Hunting Zombie Processes: From 6,500 Zombies to a Bug in Git



The Discovery

It started with an expired access token. I was trying to git fetch in one of my repos and got an authentication failure. While poking around, I noticed something odd — thousands of zombie processes on my machine:

$ ps aux | grep -w Z | wc -l
6530

Over six thousand zombies, all [git] and [ssh] defunct processes. Every single one parented by the same PID — the houndd process running inside a Docker container.

Hound is a code search tool. It periodically runs git fetch to keep its indexed repositories up to date. Two of my configured repositories pointed to Azure DevOps with an expired token, so every fetch attempt was failing. And every failure was leaking a zombie.

Understanding the Setup

Hound runs as PID 1 inside its Docker container. This is important — when a process’s parent exits, the orphaned child gets re-parented to PID 1. If PID 1 doesn’t call wait() on adopted children, they become zombies.

The hound Go code spawns git in several places:

There was already a fix attempt on the fix/zombie-processes branch that added cmd.Wait() calls to error paths in HeadRev() and AutoGeneratedFiles(). The fix was deployed. But the zombies kept coming — about 4 per minute.

First Theory: Missing Wait() in Hound

The natural assumption was that hound’s Go code wasn’t properly waiting on some git child processes. CombinedOutput() internally calls Wait(), so those paths should be safe.
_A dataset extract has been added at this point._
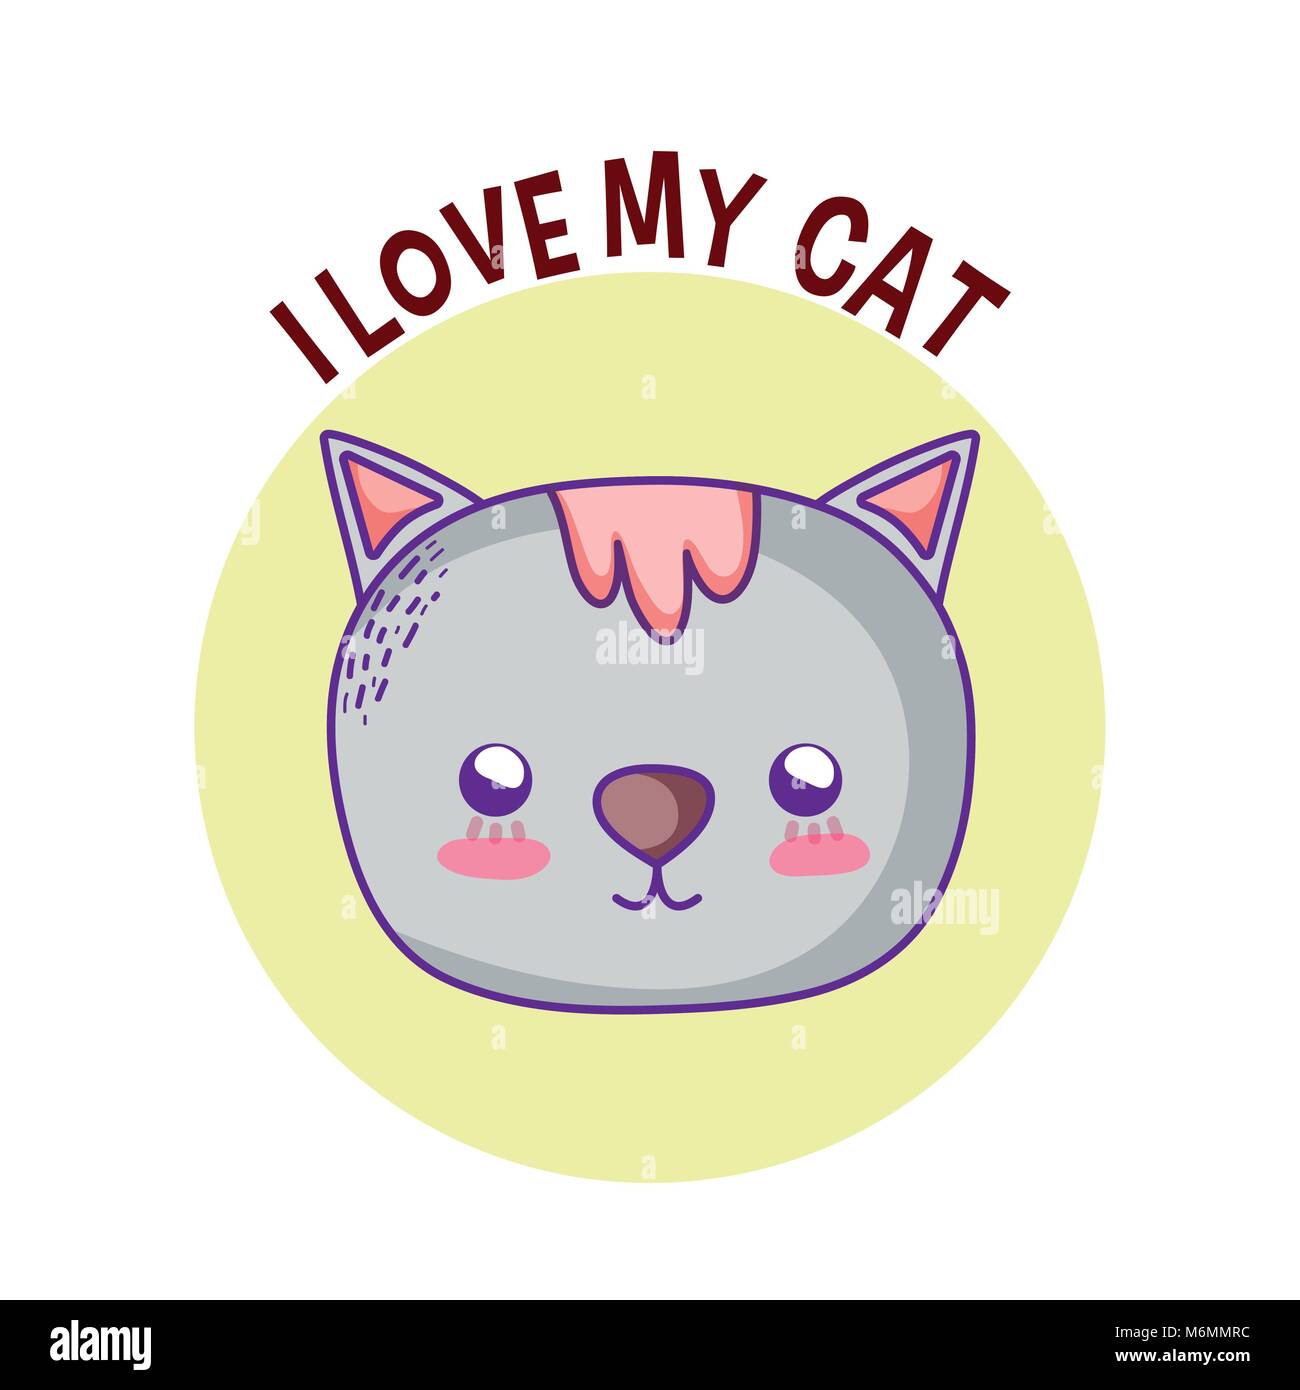 Ich liebe meine Katze Pet-cartoon Vector Illustration graphic design  Stock-Vektorgrafik - Alamy

The fix addressed HeadRev() and AutoGeneratedFiles(), but maybe there were other leak paths?

To find out which process was actually becoming a zombie, I needed to intercept every git invocation.

The Git Proxy

To catch every git invocation — whether from hound’s Go code or from git’s own internal subprocesses — I built a proxy binary:

func main() {
    self, _ := os.Readlink("/proc/self/exe")
    realGit := self + ".real"

    os.MkdirAll("/srv/hound/git-proxy-logs", 0755)
    pid := os.Getpid()
    f, _ := os.Create(fmt.Sprintf("/srv/hound/git-proxy-logs/%d.log", pid))
    fmt.Fprintf(f, "pid=%d cmd=%s %s\n", pid, self, strings.Join(os.Args[1:], " "))
    f.Close()

    syscall.Exec(realGit, os.Args, os.Environ())
}

Key design decisions:

I replaced both /usr/bin/git and /usr/lib/git-core/git with the proxy (renaming the originals to *.real), rebuilt the container to run as root (to have permission to replace system binaries), and deployed.

The Breakthrough

After letting it run and accumulate zombies, I matched zombie PIDs to log files. The PIDs needed translation — ps shows host-namespace PIDs, but the proxy logs container-namespace PIDs. The mapping lives in /proc/<pid>/status under NSpid.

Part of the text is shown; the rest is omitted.